Neurones and microglia in central nervous system immune response to degenerative processes. Part 1: Alzheimer's disease and Lewy body variant of Alzheimer's disease. Quantitative study

Szpak, G.M.; Lechowicz, W.; Lewandowska, E.; Bertrand, E.; Wierzba-Bobrowicz, T.; Gwiazda, E.; Schmidt-Sidor, B.; Dymecki, J.

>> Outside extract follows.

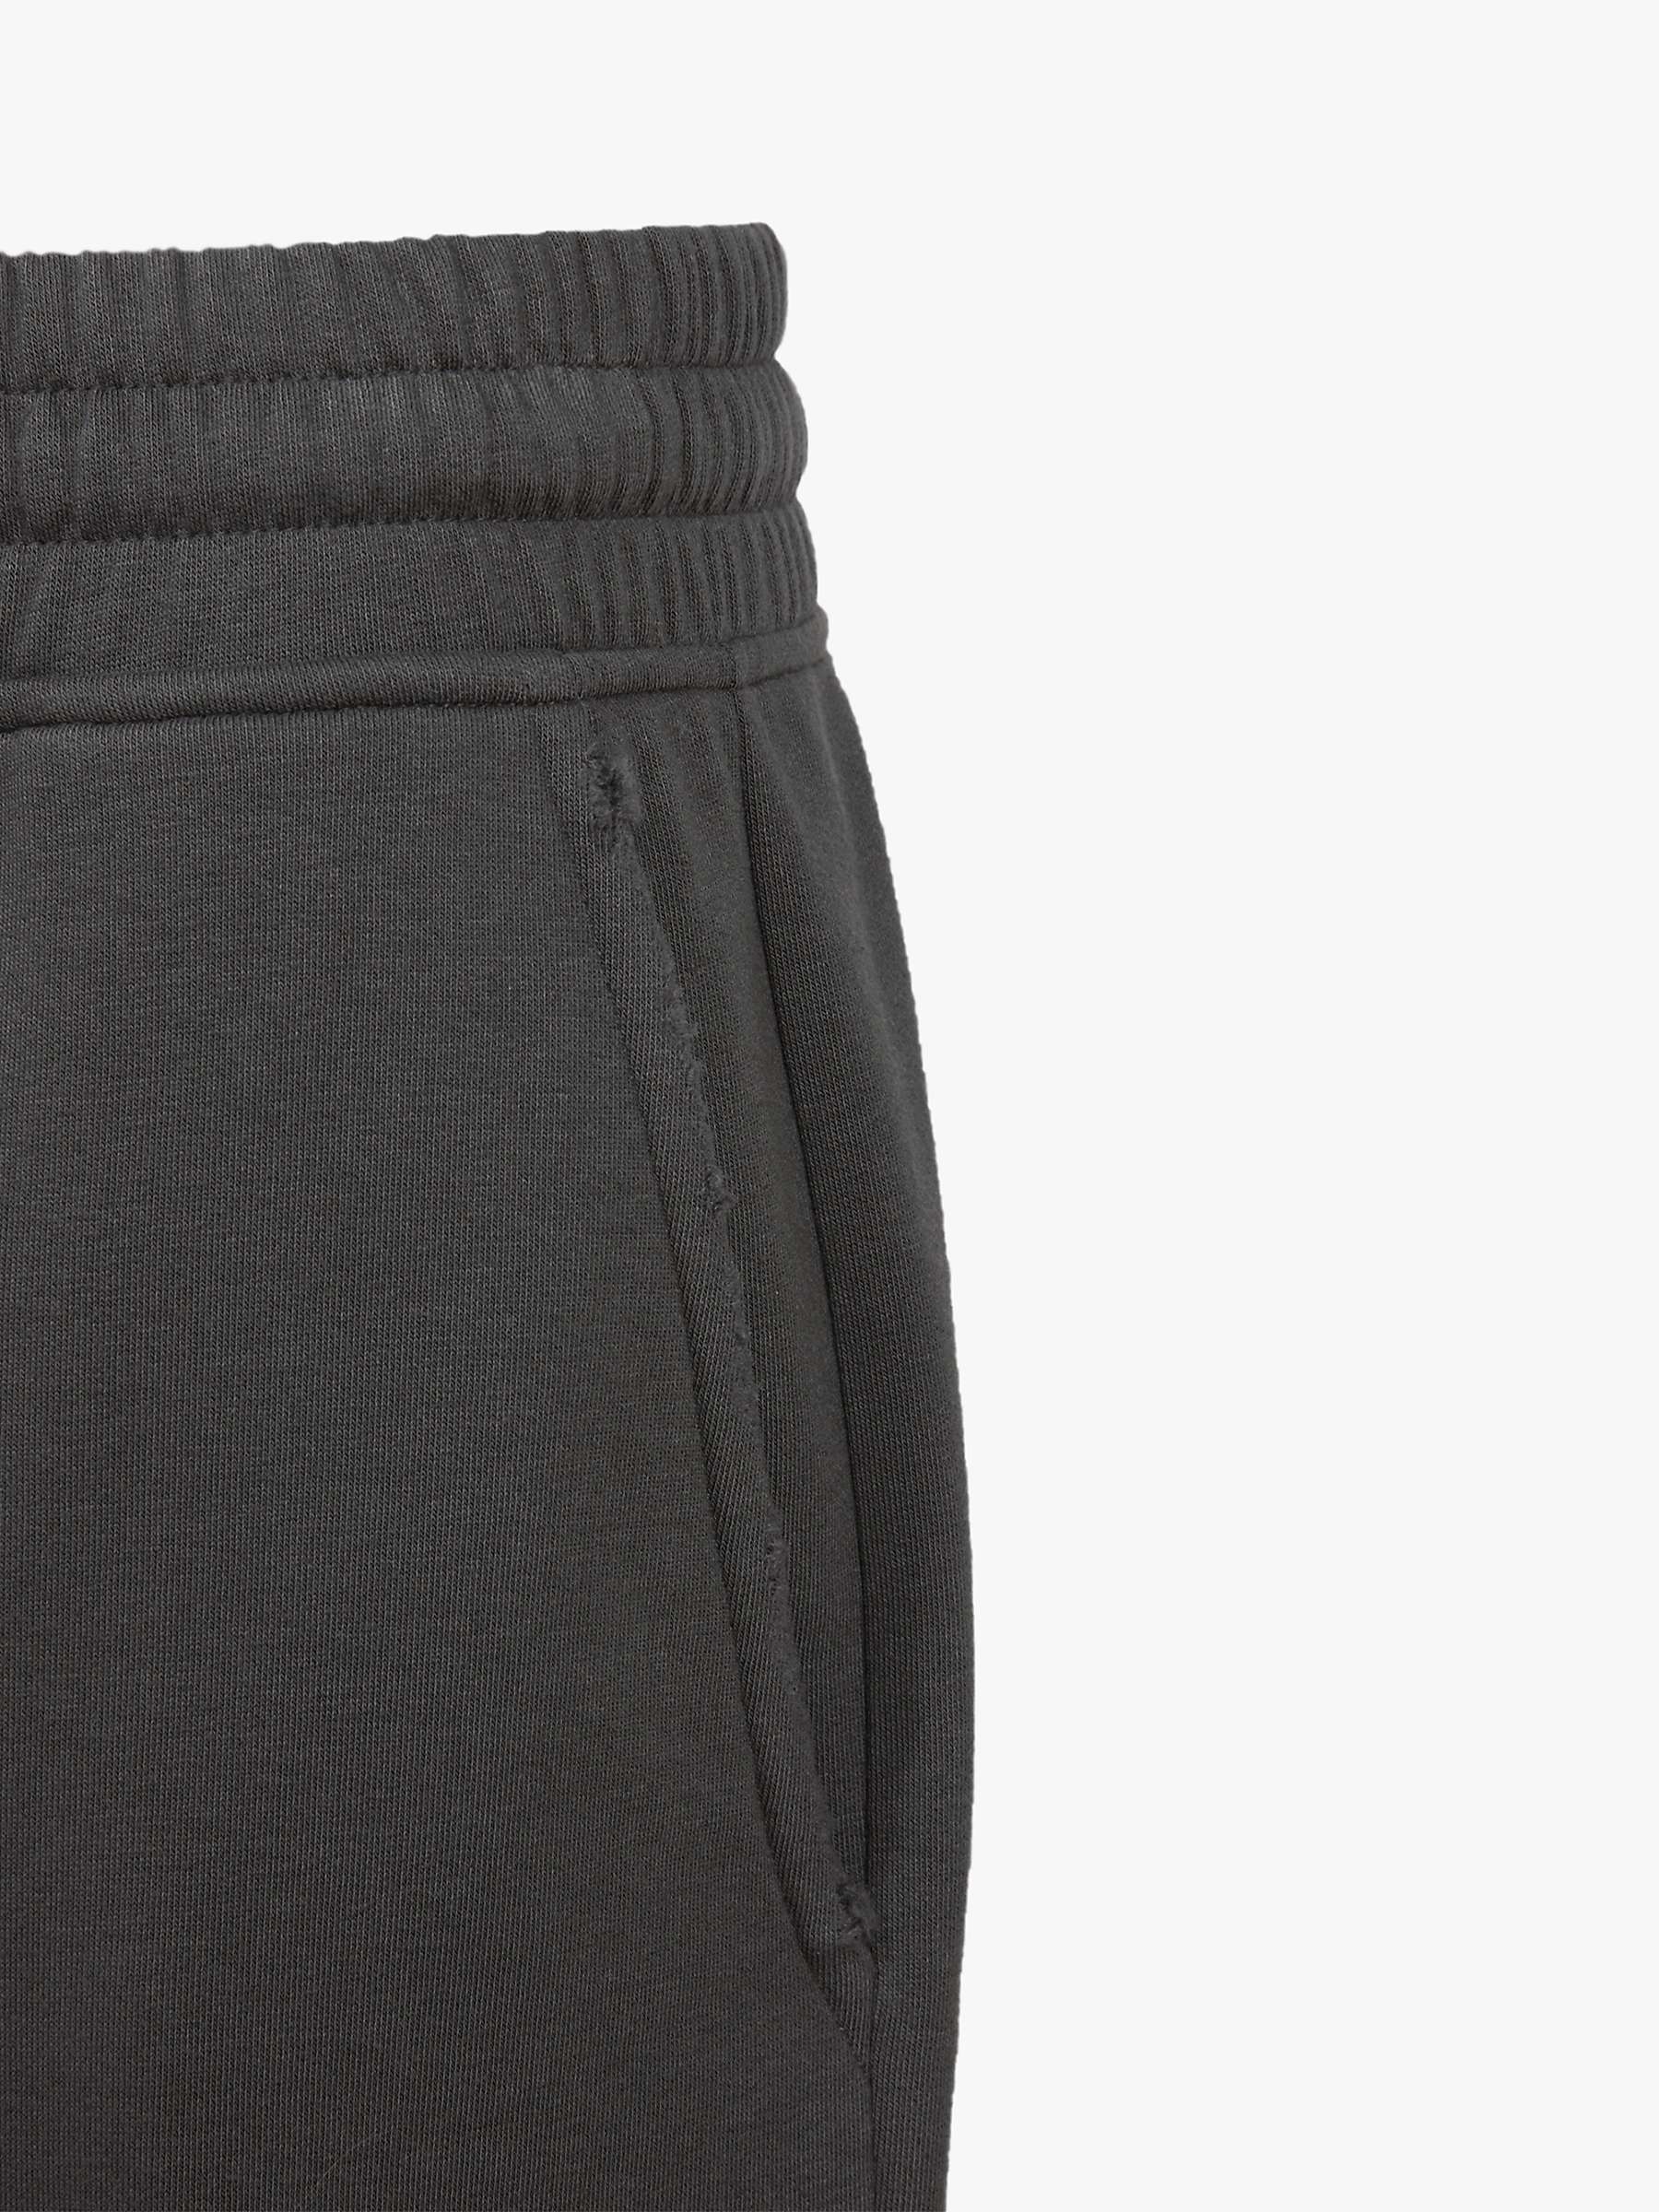 Buy AllSaints Helix Sweat Shorts Online at johnlewis.com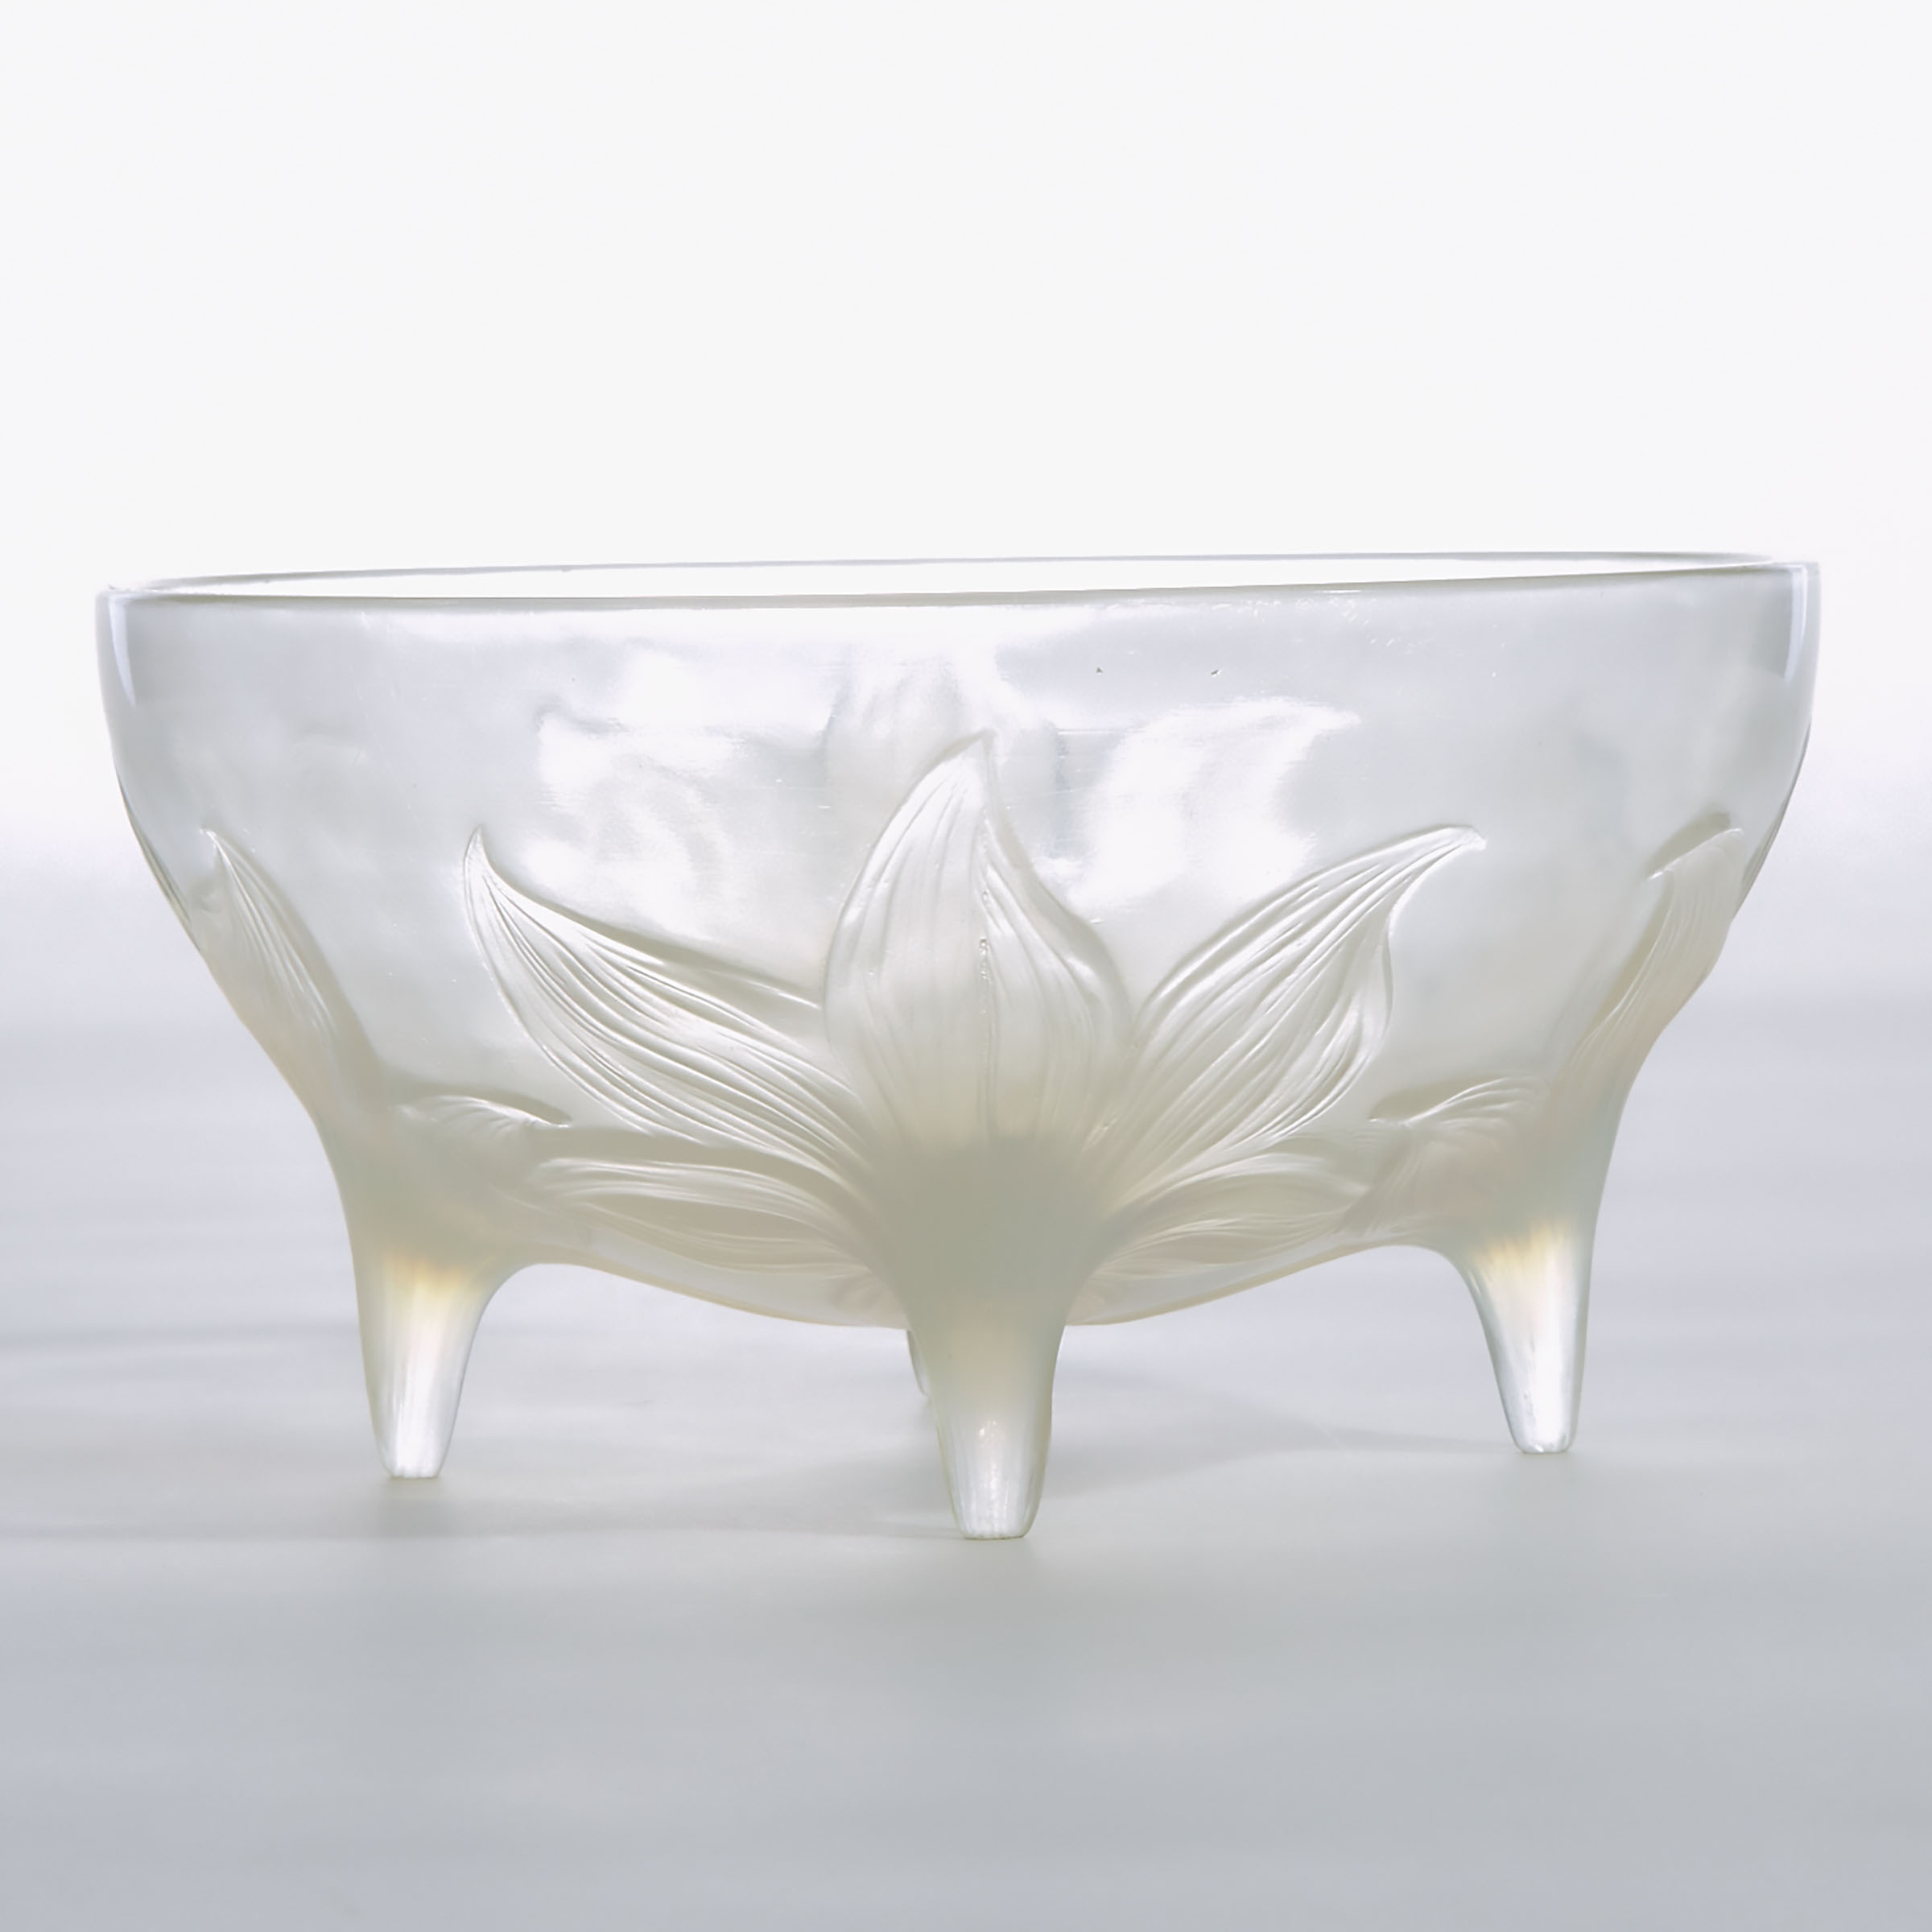 ‘Lys’, Lalique Moulded Opalescent Glass Bowl, 1920s

Folia Neuropathologica 39(3): 181-192

2001


ISSN/ISBN: 1641-4640
PMID: 11770129
Document Number: 538198
The quantitative correlation between neurone loss and brain immune response, assessed by intensity of microglia inflammatory reaction in cortical association area and limbic cortex, was investigated and compared in previously immunohistochemistry (IHC) and ultrastructural confirmed 11 cases of Alzheimer's disease (AD), 7 cases mixed form of Dementia with AD findings and Lewy bodies (AD/DLB) reported, in accordance with Consortium on Dementia, as Lewy body variant of AD (LBV) and 6 non-demented autopsy control cases from 63 to 86 years old. In the present work we investigated association and limbic cortical areas linked with memory mechanisms; there are regions characterised by early distribution of IHC confirmed AD and DLB/AD (LBV) markers, as well as a substantial physiological stability of neurone pool regardless of age. The results indicated that AD and LBV differ in their neurone loss intensity and inflammatory reaction, with much higher intensity in AD. In Alzheimer's disease, neurone loss in association temporal cortex made up 51% of control values with simultaneous 8-fold increase in the density of MHC II-positive activated microglia, whereas in LBV, both the loss of neurone density and the increase in activated microglia density, was not so high (up to 41% and 4-5-fold, respectively). Changes in the limbic cortex were less pronounced. A strong correlation in the clinical material between neurone loss and microglia activation in both processes, especially in AD (r = 0.73), speaks in favour of the hypothesis on the neuronal immune surveillance and arousal of immune brain response in conditions of declining control, due to significant neurone loss in the neurodegenerative process. The inflammatory reaction of MHC II-immunoreactive microglia, concomitant with neurodegenerative process, seems to be a consequence of increased immune response due to loss of neurones and weakening of their control upon immunosurveillance in central nervous system.